Vasomotor symptoms predominate: headache, dizziness, tinnitus, syncope, tingling, visual changes, acrocyanosis or erythromelalgia, translated as burning sensation in the feet and hands associated with redness and warmth. Between 25 to 35% of patients are asymptomatic and discover thrombocytosis accidentally. Mild splenomegaly is found in up to 40%. When platelets exceed 1000 x 109/L, there is increased risk of spontaneous bleeding in the gastrointestinal tract.(22) Bleeding and thrombotic events, the last represented by deep vein thrombosis, pulmonary embolism or Budd-Chiari syndrome, are responsible for morbidity and mortality. It is important to remember that angina, myocardial infarction, transient ischemic attack (TIA), stroke, pulmonary embolism or priapism can be the first manifestation of thrombocytosis.

Pathophysiology

For decades, ET was attributed to the proliferative advantage of megakaryocytic factors related to thrombopoietin (TPO) and its cellular receptor (c-Mpl). The mutations involved in MPN start early in the stem cell. Megakaryocytic precursors are hypersensitive to TPO and the action of cytokines: TGF beta, Interleukins 3 (IL-3), IL-6 and IL-11, which interact with the bone marrow microenvironment, promoting the growth of megakaryocytes.(23) In 35 to 70% of cases, acquired somatic mutation occur in the Janus kinase gene 2(JAK2V617F), responsible for phosphorylation and signaling activators of transcription (STAT). Three novel somatic mutations in the juxtamembrane region at codon 515 MPL (W515L, W515K, S505N) explain defects in signaling pathways of molecules STAT3, STAT5, mitogen activator protein (MAPK) and phosphatidylinositol-3kinase ATK (PI3K/AKT), giving a gain in function and proliferative advantage to megakaryocytes.(23)

Diagnostic criteria

WHO 2008 and British Committee for Standards in Hematology 2010(24)

Requires A1-A4

A1) platelet count > 450 x109/L sustained over more than six months without apparent cause;

A2) bone marrow biopsy: megakaryocytic hyperproliferation, in which megakaryocytes are increased in number and size with mature hyperlobulated and grouped.

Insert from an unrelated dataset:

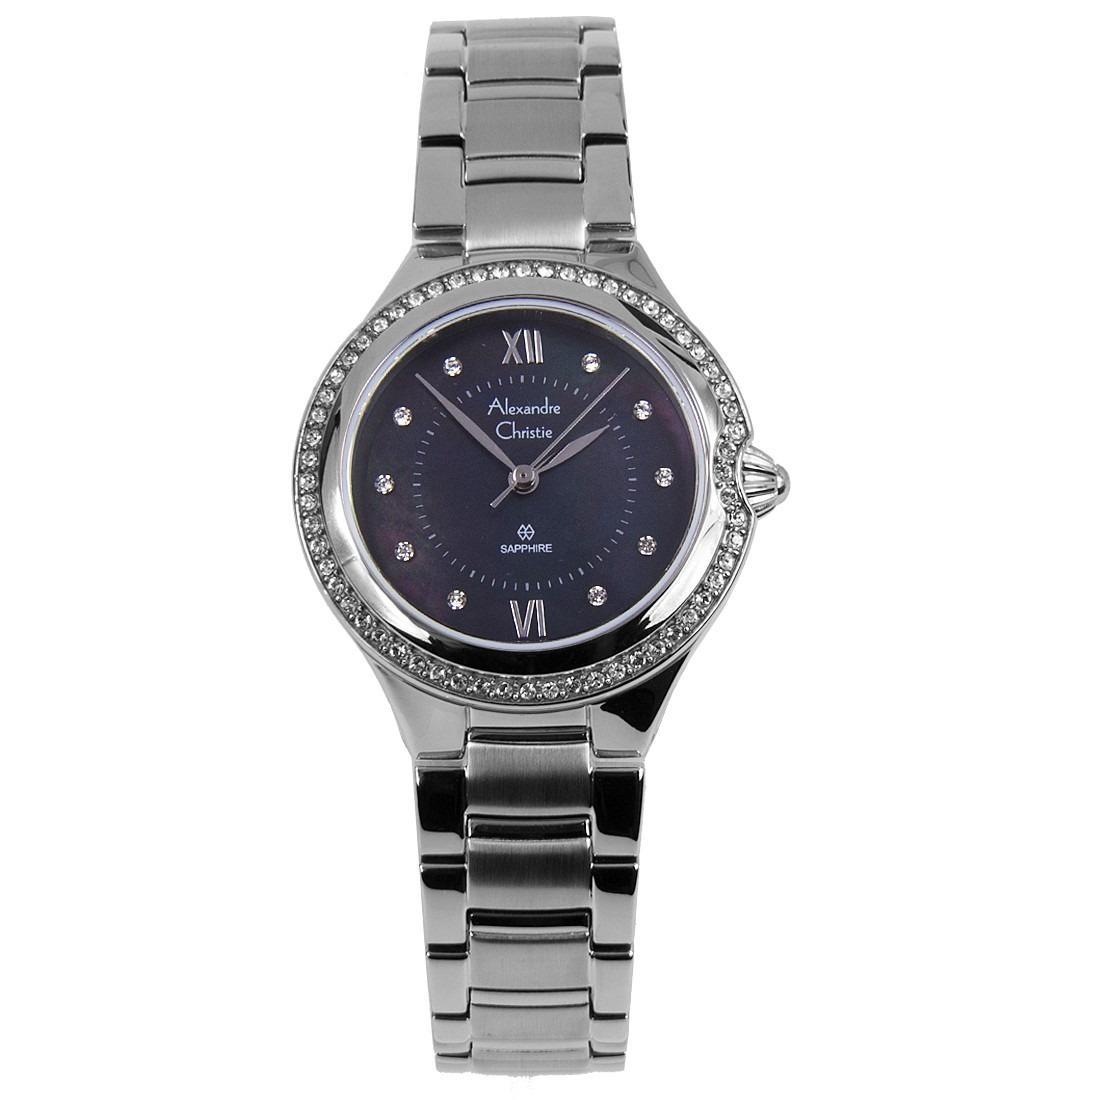 Latest Alexandre Christie Watches Products Enjoy Huge Discounts Ac 6410 Black Strap Men Original Sapphire Analog Stainless Steel Watch 2665lhbssmr
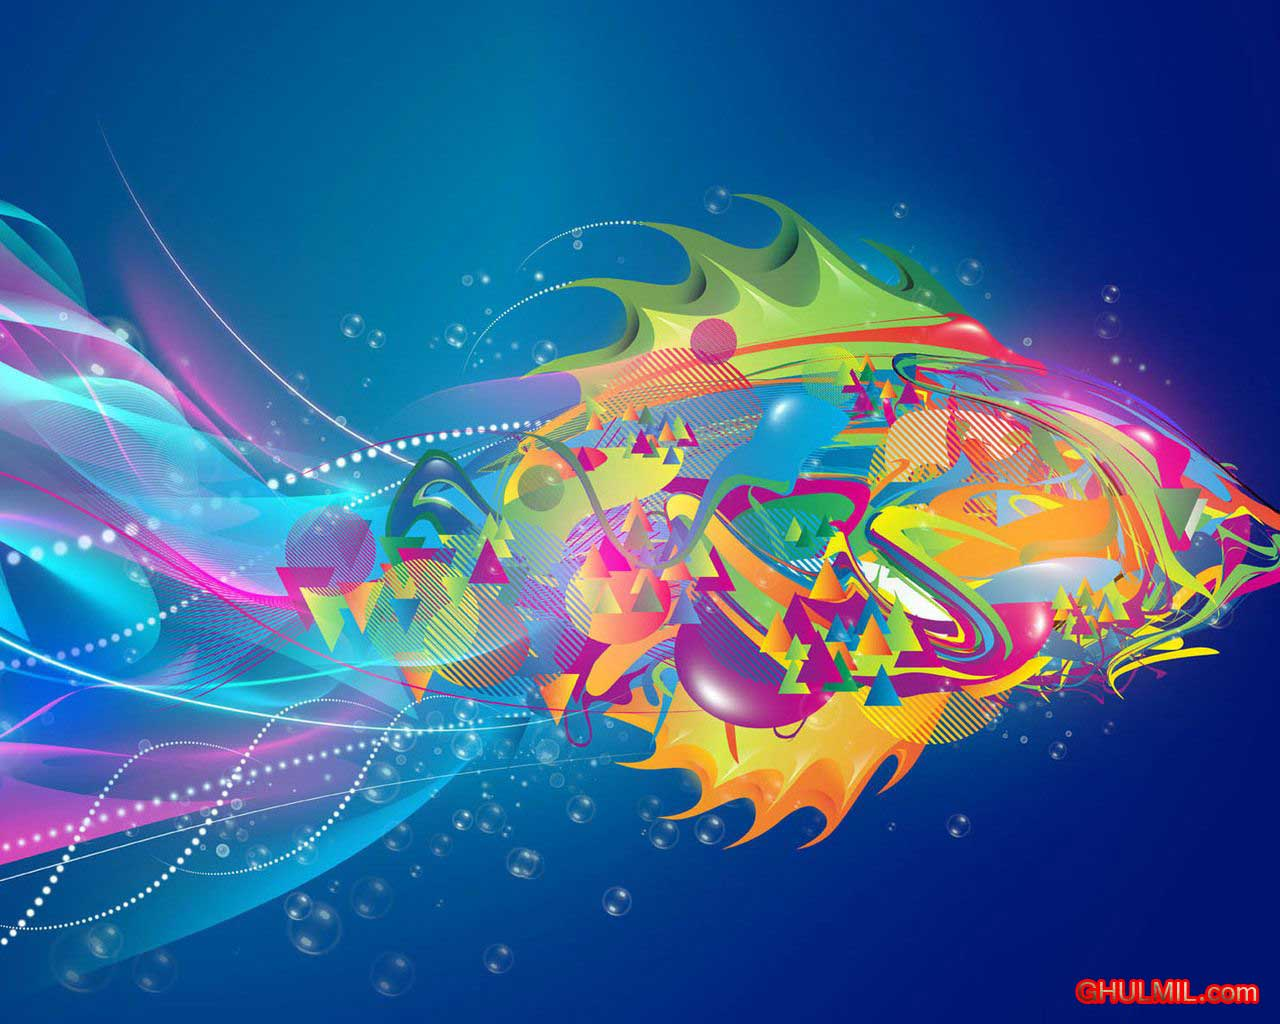 S Name Wallpaper Free Download | New hd wallon

A3) Absence of WHO criteria for CML, PV (normal red cell mass), PMF (no fibrosis), del 5q, MDS

A4) MPL and JAK2 mutations positive; if negative, no evidence for reactive thrombocytosis

British Committee for Standards in Hematology (BCSH) 2010

Requires A1-A3 or A3 + A3-A5

A.1) platelet count > 450 x109/L sustained over more than six months without apparent cause

A.2) JAK2 mutations and MPL positive

A.3) Absence of WHO criteria for CML, PV (normal red cell mass), PMF (no fibrosis), del 5q, MDS

A.4) no evidence of reactive thrombocytosis and normal iron stores

A.5) bone marrow biopsy: megakaryocytic proliferation with megakaryocytes increased in number and size, hyperlobulated with abundant cytoplasm.

Differential diagnosis

ET must be distinguished from other MPN and the processes that lead to transient reactive thrombocytosis: acute hemorrhage, recovery of thrombocytopenia, infections, inflammatory diseases, tissue damage, iron deficiency, hemolytic anemia, post splenectomy, cryoglobulinemia, medications (steroids, adrenaline, trans-retinoic acid), neoplasms, myelodysplasia Del 5q.

Risk stratification

Risk stratification considering the possibility of thrombosis. Several retrospective and prospective studies have shown two major factors for vascular complications: 1) age over 60 years and 2) previous thrombotic events. The platelet count above 1500 x 109/L, is associated with acquired von Willebrand disease, linked to risk of bleeding.(20,23)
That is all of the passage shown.